#### DATA SHOWN

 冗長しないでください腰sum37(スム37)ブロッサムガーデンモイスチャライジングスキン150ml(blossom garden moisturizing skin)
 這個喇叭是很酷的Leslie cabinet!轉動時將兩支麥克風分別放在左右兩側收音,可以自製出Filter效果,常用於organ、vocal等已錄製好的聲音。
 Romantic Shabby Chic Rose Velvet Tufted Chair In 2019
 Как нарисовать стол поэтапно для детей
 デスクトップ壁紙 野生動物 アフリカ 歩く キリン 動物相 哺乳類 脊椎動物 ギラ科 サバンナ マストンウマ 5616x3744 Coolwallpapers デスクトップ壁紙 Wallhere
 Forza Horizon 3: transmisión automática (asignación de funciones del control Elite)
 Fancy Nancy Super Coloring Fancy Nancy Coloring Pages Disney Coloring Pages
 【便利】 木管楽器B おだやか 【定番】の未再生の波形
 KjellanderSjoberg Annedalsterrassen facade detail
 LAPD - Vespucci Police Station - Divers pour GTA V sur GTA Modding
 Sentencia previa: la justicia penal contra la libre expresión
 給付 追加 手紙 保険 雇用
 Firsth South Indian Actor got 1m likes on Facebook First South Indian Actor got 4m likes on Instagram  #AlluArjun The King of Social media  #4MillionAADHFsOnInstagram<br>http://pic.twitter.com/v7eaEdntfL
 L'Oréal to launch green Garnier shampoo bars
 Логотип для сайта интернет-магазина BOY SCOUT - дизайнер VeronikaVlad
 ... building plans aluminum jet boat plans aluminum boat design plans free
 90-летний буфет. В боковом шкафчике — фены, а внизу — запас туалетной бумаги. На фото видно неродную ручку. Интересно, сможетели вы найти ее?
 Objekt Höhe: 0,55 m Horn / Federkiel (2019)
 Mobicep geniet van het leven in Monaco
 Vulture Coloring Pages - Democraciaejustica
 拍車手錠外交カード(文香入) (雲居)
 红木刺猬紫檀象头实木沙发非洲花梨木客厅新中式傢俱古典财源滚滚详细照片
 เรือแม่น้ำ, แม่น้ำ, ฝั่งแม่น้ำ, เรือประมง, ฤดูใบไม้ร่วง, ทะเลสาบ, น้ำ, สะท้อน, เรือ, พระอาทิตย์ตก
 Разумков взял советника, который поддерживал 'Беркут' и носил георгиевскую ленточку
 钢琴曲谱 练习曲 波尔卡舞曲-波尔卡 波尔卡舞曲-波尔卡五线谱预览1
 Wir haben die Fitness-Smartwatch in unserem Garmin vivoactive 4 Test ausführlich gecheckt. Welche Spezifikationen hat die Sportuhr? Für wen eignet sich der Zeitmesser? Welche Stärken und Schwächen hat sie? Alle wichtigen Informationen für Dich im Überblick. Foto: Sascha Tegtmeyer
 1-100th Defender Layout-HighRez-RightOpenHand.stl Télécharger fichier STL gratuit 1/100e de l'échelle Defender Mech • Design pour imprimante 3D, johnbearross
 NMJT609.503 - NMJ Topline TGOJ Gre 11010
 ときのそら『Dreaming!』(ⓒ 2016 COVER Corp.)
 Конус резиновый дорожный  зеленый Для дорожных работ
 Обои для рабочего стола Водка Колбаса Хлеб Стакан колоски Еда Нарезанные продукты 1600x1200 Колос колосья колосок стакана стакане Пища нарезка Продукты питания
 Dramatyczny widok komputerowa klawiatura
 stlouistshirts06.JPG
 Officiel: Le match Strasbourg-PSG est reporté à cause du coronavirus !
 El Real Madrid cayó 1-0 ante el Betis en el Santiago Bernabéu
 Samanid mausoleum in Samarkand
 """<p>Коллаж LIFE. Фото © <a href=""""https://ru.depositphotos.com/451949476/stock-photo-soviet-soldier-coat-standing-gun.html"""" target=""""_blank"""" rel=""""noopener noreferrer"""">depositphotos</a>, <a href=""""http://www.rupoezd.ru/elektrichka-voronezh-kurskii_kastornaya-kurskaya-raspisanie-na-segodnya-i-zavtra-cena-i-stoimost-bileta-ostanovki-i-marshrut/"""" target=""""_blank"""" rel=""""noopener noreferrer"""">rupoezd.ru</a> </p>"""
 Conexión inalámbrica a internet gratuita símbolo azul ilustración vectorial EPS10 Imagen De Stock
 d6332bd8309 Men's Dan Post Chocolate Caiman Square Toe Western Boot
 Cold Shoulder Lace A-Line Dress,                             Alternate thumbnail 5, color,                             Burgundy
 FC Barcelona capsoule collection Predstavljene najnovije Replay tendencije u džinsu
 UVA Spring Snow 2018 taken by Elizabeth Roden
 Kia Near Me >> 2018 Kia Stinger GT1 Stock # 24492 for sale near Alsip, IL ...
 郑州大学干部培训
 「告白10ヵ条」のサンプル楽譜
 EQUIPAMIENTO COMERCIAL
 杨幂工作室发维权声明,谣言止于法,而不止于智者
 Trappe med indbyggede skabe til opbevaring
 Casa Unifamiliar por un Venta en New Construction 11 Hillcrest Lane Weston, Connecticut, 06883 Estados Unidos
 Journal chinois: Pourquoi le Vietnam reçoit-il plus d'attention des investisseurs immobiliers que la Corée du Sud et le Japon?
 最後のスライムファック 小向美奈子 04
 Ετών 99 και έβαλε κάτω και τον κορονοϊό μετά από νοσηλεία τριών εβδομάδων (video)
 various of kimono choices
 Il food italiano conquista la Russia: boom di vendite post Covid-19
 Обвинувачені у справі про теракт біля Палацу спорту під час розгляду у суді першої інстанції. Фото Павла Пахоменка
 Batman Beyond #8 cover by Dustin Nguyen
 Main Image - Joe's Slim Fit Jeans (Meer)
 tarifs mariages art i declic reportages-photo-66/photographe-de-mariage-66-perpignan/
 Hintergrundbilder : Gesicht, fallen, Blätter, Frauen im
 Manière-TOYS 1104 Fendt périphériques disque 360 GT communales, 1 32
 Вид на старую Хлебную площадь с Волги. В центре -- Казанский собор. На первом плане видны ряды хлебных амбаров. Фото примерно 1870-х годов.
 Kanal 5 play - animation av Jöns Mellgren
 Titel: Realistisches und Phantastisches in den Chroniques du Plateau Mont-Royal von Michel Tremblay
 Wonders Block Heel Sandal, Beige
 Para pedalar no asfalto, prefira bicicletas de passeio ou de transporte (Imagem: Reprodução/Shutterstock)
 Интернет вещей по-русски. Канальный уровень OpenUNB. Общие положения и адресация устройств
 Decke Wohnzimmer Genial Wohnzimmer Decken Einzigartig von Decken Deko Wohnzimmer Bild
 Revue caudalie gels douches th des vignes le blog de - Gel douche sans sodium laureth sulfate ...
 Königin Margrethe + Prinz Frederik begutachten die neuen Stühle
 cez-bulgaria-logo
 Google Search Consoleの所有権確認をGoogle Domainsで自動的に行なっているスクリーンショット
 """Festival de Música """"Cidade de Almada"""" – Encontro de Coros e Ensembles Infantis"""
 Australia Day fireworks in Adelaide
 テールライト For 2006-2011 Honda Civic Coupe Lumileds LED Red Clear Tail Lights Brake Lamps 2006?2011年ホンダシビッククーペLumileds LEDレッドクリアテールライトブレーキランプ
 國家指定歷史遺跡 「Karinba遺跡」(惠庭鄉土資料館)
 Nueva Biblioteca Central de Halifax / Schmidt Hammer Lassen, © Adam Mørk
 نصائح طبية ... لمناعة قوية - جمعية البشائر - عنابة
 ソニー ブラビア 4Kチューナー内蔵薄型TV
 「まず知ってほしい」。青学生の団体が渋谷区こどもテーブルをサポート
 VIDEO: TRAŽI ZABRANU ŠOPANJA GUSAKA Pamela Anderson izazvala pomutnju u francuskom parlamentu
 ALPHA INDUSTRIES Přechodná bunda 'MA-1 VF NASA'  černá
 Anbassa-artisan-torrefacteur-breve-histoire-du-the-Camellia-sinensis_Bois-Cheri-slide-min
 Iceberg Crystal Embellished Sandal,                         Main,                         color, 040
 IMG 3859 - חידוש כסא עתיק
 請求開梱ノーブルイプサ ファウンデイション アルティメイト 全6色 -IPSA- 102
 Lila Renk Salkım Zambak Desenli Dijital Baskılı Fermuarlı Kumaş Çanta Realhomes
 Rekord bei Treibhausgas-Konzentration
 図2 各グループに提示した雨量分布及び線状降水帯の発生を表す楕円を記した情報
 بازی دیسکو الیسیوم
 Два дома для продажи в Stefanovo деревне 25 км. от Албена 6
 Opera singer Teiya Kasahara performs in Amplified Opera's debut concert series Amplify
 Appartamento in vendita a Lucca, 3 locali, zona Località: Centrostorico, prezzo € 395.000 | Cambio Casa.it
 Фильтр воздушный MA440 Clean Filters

#### TASK DETAILS
In the records above, find the line with "FC Barcelona capsoule"; write out exactly that line and each one after it, stopping after the line with "tarifs mariages art".

#### EXPECTED ANSWER
 FC Barcelona capsoule collection Predstavljene najnovije Replay tendencije u džinsu
 UVA Spring Snow 2018 taken by Elizabeth Roden
 Kia Near Me >> 2018 Kia Stinger GT1 Stock # 24492 for sale near Alsip, IL ...
 郑州大学干部培训
 「告白10ヵ条」のサンプル楽譜
 EQUIPAMIENTO COMERCIAL
 杨幂工作室发维权声明,谣言止于法,而不止于智者
 Trappe med indbyggede skabe til opbevaring
 Casa Unifamiliar por un Venta en New Construction 11 Hillcrest Lane Weston, Connecticut, 06883 Estados Unidos
 Journal chinois: Pourquoi le Vietnam reçoit-il plus d'attention des investisseurs immobiliers que la Corée du Sud et le Japon?
 最後のスライムファック 小向美奈子 04
 Ετών 99 και έβαλε κάτω και τον κορονοϊό μετά από νοσηλεία τριών εβδομάδων (video)
 various of kimono choices
 Il food italiano conquista la Russia: boom di vendite post Covid-19
 Обвинувачені у справі про теракт біля Палацу спорту під час розгляду у суді першої інстанції. Фото Павла Пахоменка
 Batman Beyond #8 cover by Dustin Nguyen
 Main Image - Joe's Slim Fit Jeans (Meer)
 tarifs mariages art i declic reportages-photo-66/photographe-de-mariage-66-perpignan/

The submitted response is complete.